# [RECORDS TO PROCESS]
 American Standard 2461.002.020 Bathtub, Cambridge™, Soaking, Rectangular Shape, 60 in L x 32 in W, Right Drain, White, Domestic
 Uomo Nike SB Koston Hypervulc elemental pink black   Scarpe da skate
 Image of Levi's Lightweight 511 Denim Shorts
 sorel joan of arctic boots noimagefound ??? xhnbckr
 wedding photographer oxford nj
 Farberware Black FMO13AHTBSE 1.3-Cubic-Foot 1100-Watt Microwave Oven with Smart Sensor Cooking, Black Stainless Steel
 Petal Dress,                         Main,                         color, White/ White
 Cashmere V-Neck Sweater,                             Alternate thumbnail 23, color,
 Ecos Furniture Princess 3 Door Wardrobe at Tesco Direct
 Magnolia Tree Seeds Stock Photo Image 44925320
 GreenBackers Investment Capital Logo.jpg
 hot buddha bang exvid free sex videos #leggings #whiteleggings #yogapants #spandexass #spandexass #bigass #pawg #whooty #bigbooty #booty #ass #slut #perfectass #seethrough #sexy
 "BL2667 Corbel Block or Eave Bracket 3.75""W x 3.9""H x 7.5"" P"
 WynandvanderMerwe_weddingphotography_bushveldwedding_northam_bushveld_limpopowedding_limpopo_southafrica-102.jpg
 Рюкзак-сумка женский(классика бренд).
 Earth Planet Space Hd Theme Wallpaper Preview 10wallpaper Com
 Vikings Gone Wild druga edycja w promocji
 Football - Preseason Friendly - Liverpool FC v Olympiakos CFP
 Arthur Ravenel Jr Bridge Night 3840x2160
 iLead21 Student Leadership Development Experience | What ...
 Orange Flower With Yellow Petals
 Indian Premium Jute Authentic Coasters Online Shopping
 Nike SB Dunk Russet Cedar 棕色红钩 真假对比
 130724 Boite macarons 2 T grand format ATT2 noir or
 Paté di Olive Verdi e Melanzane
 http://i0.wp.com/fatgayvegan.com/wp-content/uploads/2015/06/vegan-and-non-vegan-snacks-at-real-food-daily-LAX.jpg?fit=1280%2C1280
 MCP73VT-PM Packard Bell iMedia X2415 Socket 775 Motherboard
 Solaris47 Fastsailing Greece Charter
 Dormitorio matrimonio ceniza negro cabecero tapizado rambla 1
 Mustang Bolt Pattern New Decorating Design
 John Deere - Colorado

# [PROBLEM TO SOLVE]
Exact repetition of every entry in the data is required.

# [EXERCISE ANSWER]
 American Standard 2461.002.020 Bathtub, Cambridge™, Soaking, Rectangular Shape, 60 in L x 32 in W, Right Drain, White, Domestic
 Uomo Nike SB Koston Hypervulc elemental pink black   Scarpe da skate
 Image of Levi's Lightweight 511 Denim Shorts
 sorel joan of arctic boots noimagefound ??? xhnbckr
 wedding photographer oxford nj
 Farberware Black FMO13AHTBSE 1.3-Cubic-Foot 1100-Watt Microwave Oven with Smart Sensor Cooking, Black Stainless Steel
 Petal Dress,                         Main,                         color, White/ White
 Cashmere V-Neck Sweater,                             Alternate thumbnail 23, color,
 Ecos Furniture Princess 3 Door Wardrobe at Tesco Direct
 Magnolia Tree Seeds Stock Photo Image 44925320
 GreenBackers Investment Capital Logo.jpg
 hot buddha bang exvid free sex videos #leggings #whiteleggings #yogapants #spandexass #spandexass #bigass #pawg #whooty #bigbooty #booty #ass #slut #perfectass #seethrough #sexy
 "BL2667 Corbel Block or Eave Bracket 3.75""W x 3.9""H x 7.5"" P"
 WynandvanderMerwe_weddingphotography_bushveldwedding_northam_bushveld_limpopowedding_limpopo_southafrica-102.jpg
 Рюкзак-сумка женский(классика бренд).
 Earth Planet Space Hd Theme Wallpaper Preview 10wallpaper Com
 Vikings Gone Wild druga edycja w promocji
 Football - Preseason Friendly - Liverpool FC v Olympiakos CFP
 Arthur Ravenel Jr Bridge Night 3840x2160
 iLead21 Student Leadership Development Experience | What ...
 Orange Flower With Yellow Petals
 Indian Premium Jute Authentic Coasters Online Shopping
 Nike SB Dunk Russet Cedar 棕色红钩 真假对比
 130724 Boite macarons 2 T grand format ATT2 noir or
 Paté di Olive Verdi e Melanzane
 http://i0.wp.com/fatgayvegan.com/wp-content/uploads/2015/06/vegan-and-non-vegan-snacks-at-real-food-daily-LAX.jpg?fit=1280%2C1280
 MCP73VT-PM Packard Bell iMedia X2415 Socket 775 Motherboard
 Solaris47 Fastsailing Greece Charter
 Dormitorio matrimonio ceniza negro cabecero tapizado rambla 1
 Mustang Bolt Pattern New Decorating Design
 John Deere - Colorado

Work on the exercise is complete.